Charles greeted hundreds of well-wishers lining the historic square and waving German and British flags, after listening to a rendition of the national anthem and watching as soldiers hoisted up the British flag on a mast.
Underscoring Charles' interest in environmental causes, one of his first engagements in Berlin was a forum on sustainability, addressing matters from hydrogen and renewables to industrial decarbonisation, according to Buckingham Palace.
There, he met German Foreign Minister Annalena Baerbock from the Greens party, junior partner in the country's three-way coalition, as well as business leaders, academics and civil society representatives.
"Today, we friends and partners, we are looking forwards - and that's why we are starting this state visit very consciously with a topic that is decisive for our future on this planet," said Steinmeier.
He said he was grateful that Charles had become involved in these issues early on. "We also benefit from your conviction today, your Majesty," said Steinmeier.

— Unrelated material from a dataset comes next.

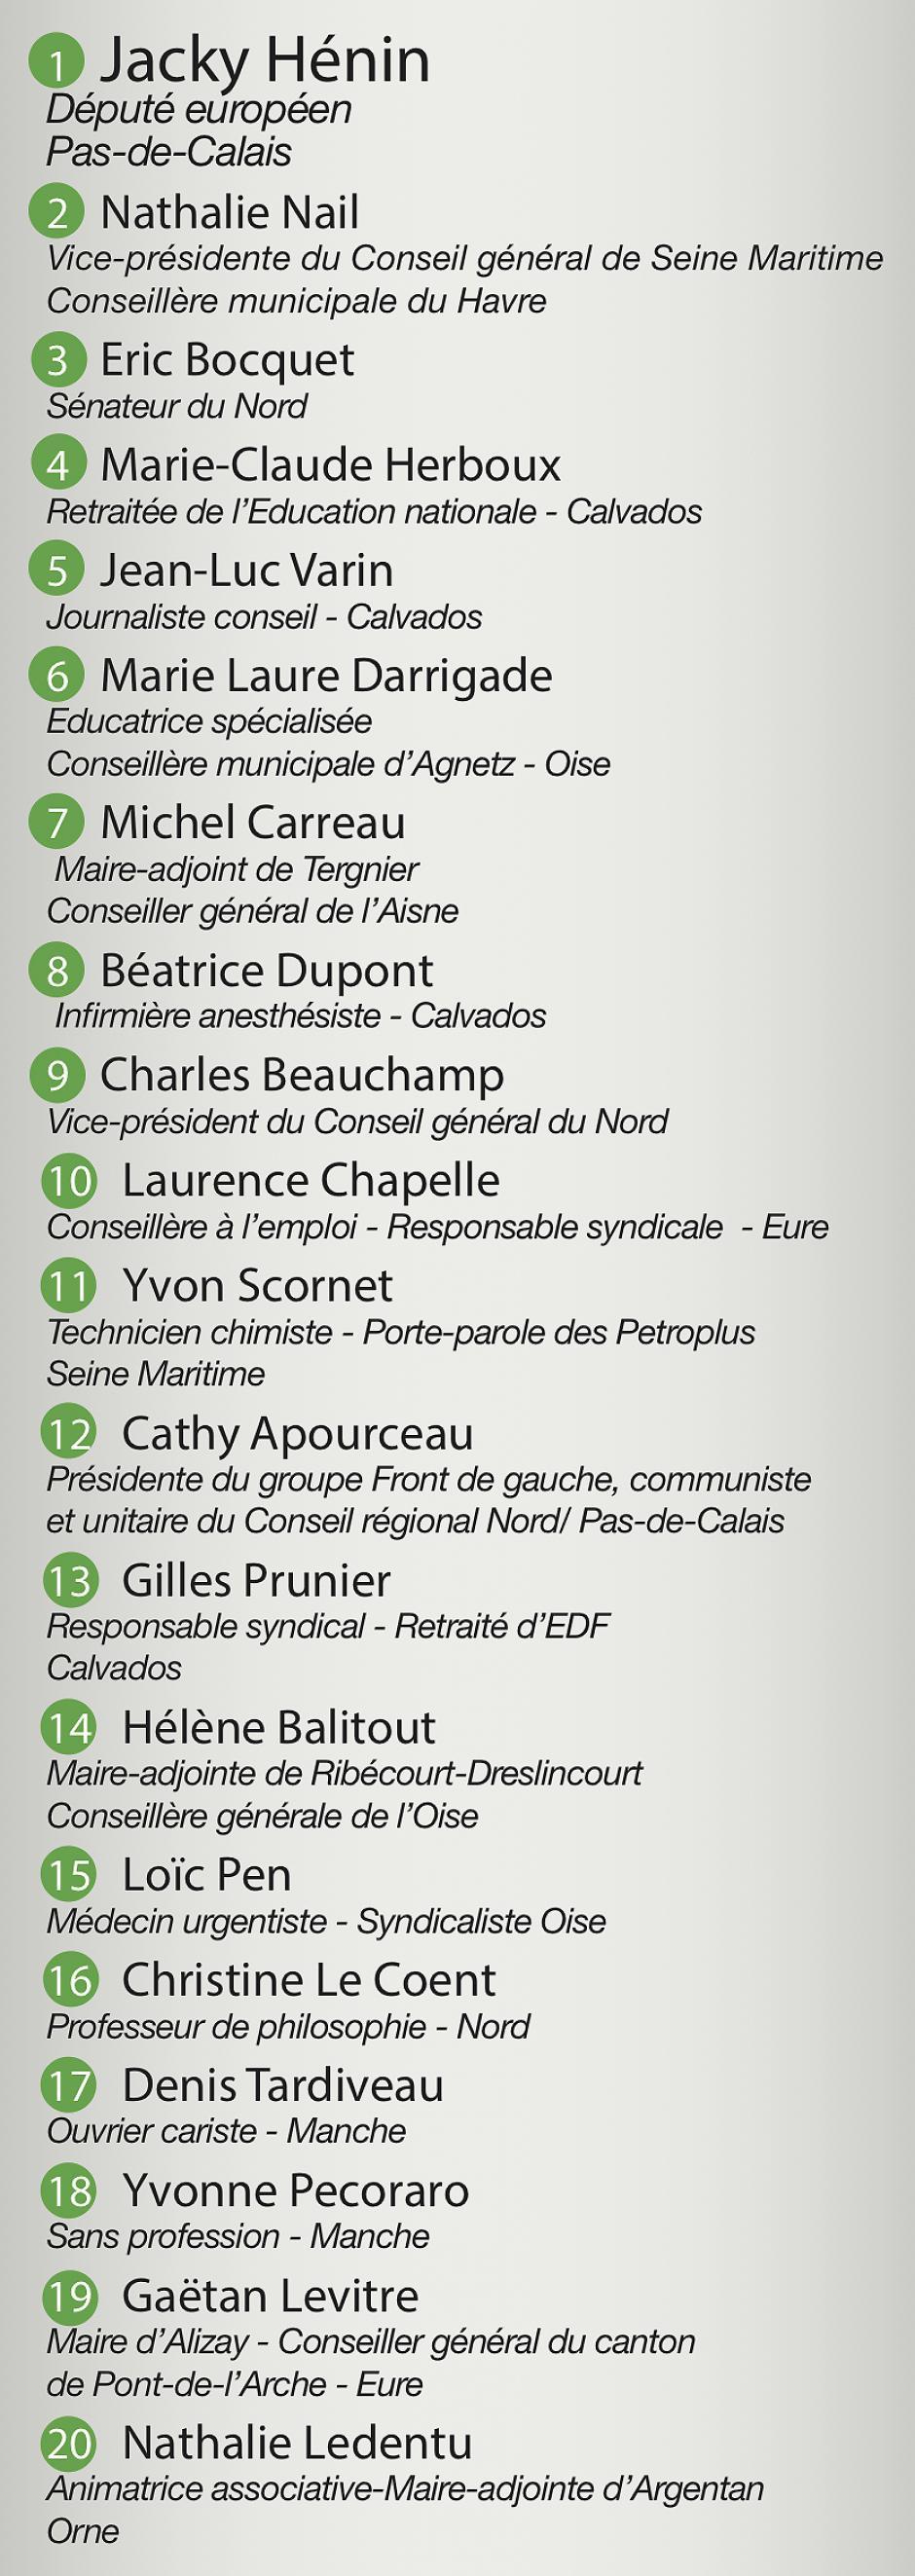 Européennes 2014 - Liste des candidat-e-s de la circonscription Nord-Ouest - 28 avril 2014

Charles will address the German lower house of parliament, the Bundestag, on Thursday in Berlin, and meet some of the Ukrainians who have taken refuge in Germany from Russia's invasion of their homeland.
"We are feeling just how deep our connection is especially in these times," Steinmeier said in his speech at the banquet. "Germany and the United Kingdom are today, also militarily, the two biggest supporters of Ukraine in Europe."
The German president gifted Charles a photo of his first visit to Germany as a young child in 1962 with his father, the late Prince Philip, to visit relatives. Charles has visited Germany on more than 40 occasions, as prince, including 28 previous official visits.
The British government makes the ultimate decision on such state visits, which form part of its use of the monarchy's "soft power".
As such, the trip was a clear sign of British Prime Minister Rishi Sunak's push to reset relations with Europe, said Anand Menon, director of academic think tank UK in a Changing Europe.
However, any warmer relations with Europe brought about by the visit could cool if other post-Brexit issues flare up.
Britain has slumped from Germany's fifth most important trading partner to 11th in 2022, behind the Czech Republic.